Люди. Всего лишь люди. Всего лишь вопящие, визжащие, истекающие кровью мужчины и женщины в доспехах из кусков металлолома и колючей проволоки. Нечистые шрамы, вырезанные на их коже, сочатся свежей кровью. Многие из них в противогазах, предназначенных для работы в кузницах или шахтах. Другие — те, что когда-то были верны, — сражаются в обрывках военной формы Астра Милитарум. Брызги слюны вылетают из их ртов, когда они визжат и блеют, точно звери. Многие из них рассекли языки надвое или отрезали их совсем в качестве ритуального жеста, значение которого Эней не может представить. Как бы то ни было, он убивает их, чувствуя, как их штыки и дубинки ломаются о его броню, обрушивая на них быстрые взмахи цепного меча. Сочетание его силы и мономолекулярных лезвий зубьев меча превращает их незащищенные тела в куски мяса.
Всего лишь люди, это так. Но их так много. Они исступленно молятся разбитому идолу — искореженной бронированной скорлупе, примотанной цепями к корпусу мертвого, выжженного изнутри «Бэйнблейда».
При виде прикованного реликта Эней испытывает душевный подъем, пусть даже стыд от этого зрелища прожигает его насквозь. Распятый дредноут претерпевал здесь погодные разрушения и осквернения от рук ненавистников целых три года — с тех пор, как в этот мир последний раз приходила война. На его броне — тех немногих ее частях, что не были разбиты и не проржавели от кислотных дождей, — не осталось и следа красного цвета, который когда-то так гордо свидетельствовал о его происхождении.
Там, на полуразобранном саркофаге, выгравирована потемневшая эмблема ордена Генезис, двоюродных братьев и родичей Ультрамаринам с тех самых пор, как Легионы были разделены волей и мудростью Мстящего Сына. Имя заключенного внутри воина — иссохшего тела, отсоединенного от своих доспехов и оскверненного, обернутого колючей проволокой — можно разглядеть там же, на бронированной плите.
Бенедиктус из рода Коблиев.
До того знакомо звучит это имя — он поражен. Поистине, их ордена в родстве между собой.
— Caveantes, — предупреждает Тиресий, отслуживший тридцать лет ветеран, происходящий из рода Утиев с Макрэгга. «Берегись».
Эней уже заметил угрозу. Он поворачивается в тот момент, когда его брат передает по воксу свое предупреждение, поднимает болтер и всаживает три выстрела в кучку грязных сгорбленных оборванцев, волокущих тяжелый стаббер из канавы неподалеку, которая служила импровизированным окопом. Все трое взрываются — заряды попадают им в грудь. Эней не видит, как они падают. Он снова вступает в схватку, отбивая мечом неуклюжее копье из металлолома и убивая его владелицу ударом ботинка в голову. Она падает с разбитым черепом и сломанным позвоночником.
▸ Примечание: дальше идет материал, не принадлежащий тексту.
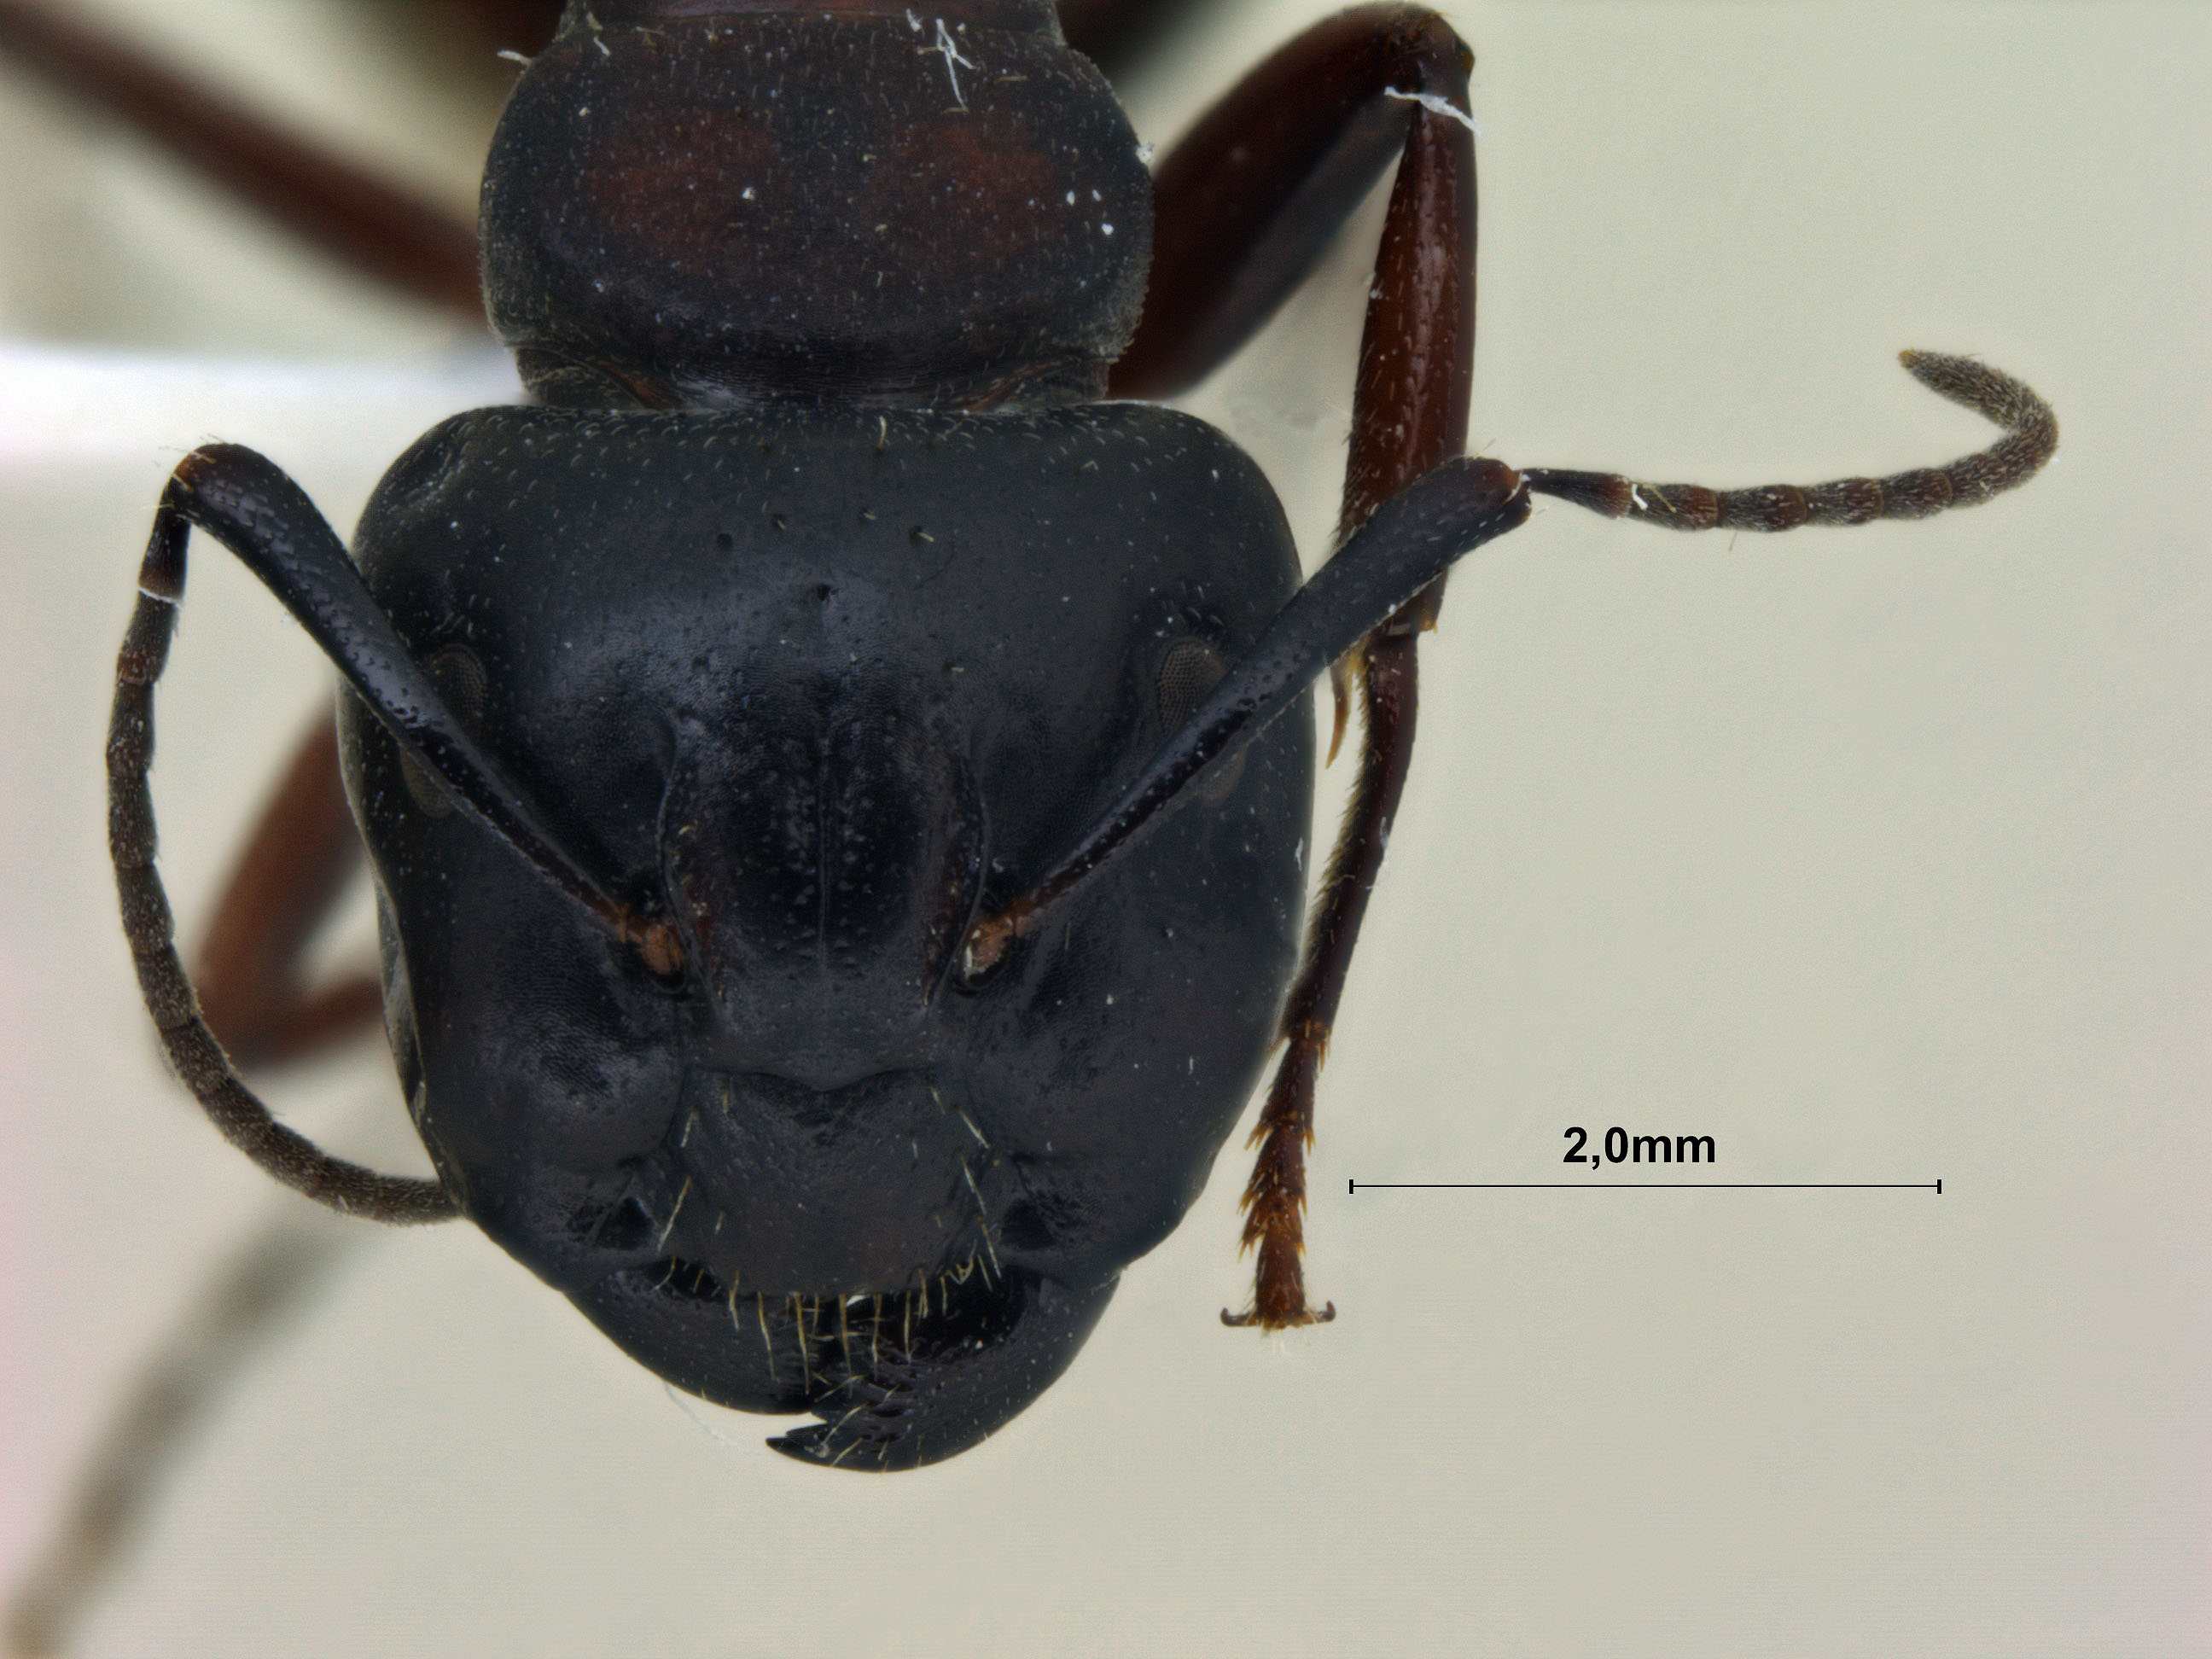 Camponotus sachalinensis frontal

Другие встают на ее место, тыкая в окруженных воинов пиками, сделанными из шахтерских инструментов с закрепленной на них самопальной фицелиновой взрывчаткой. Цепные мечи режут и кромсают. Болтеры грохочут. Там, где Ультрамарины не пытаются взобраться на возвышения, образованные упавшими телами, они вскоре оказываются по щиколотку в нечистой крови. Она плещет на доспехи Энея, окрашивая алым.
Любой человек, находящийся в здравом рассудке, уже давно бежал бы с поля боя. Но эти несчастные существа, эти изможденные выходцы с того света, чья плоть украшена шрамами , нападают на Ультрамаринов с ножами, камнями и даже без всякого оружия, обламывая зубы о кобальтовый керамит.
Эней слышит, как его сержант рапортует по общей вокс-связи, докладывая о продвижении взвода согласно приказу. Гексус-Октавус — падающий клинок, вонзающийся в сердце дракона. Теперь они убивают, убивают и убивают, расчищая путь сквозь орду для своих братьев из Третьей и Первой рот. Первые уже вступили в бой где-то в городе, подавляя восстание, охватившее мятежный мир. Последние ждут на орбите: молятся в недрах левиафанов, что служат флотом ударной группы.
Взвод Гексус-Октавус продолжает драться. Несмотря на сверхчеловеческую силу, сам по себе вес плоти, обрушивающейся на них, мешает точно рассчитанной ярости убийства. Графики жизненных показателей взлетают вверх — иглы впрыскивают в вены боевые наркотики. Подавители боли заставляют онеметь отравленные царапины и порезы в тех местах, где врагам удалось пробить сочленения в броне Ультрамаринов, а очищающие вещества дезинфицируют мелкие раны, прежде чем они могут подхватить заражение.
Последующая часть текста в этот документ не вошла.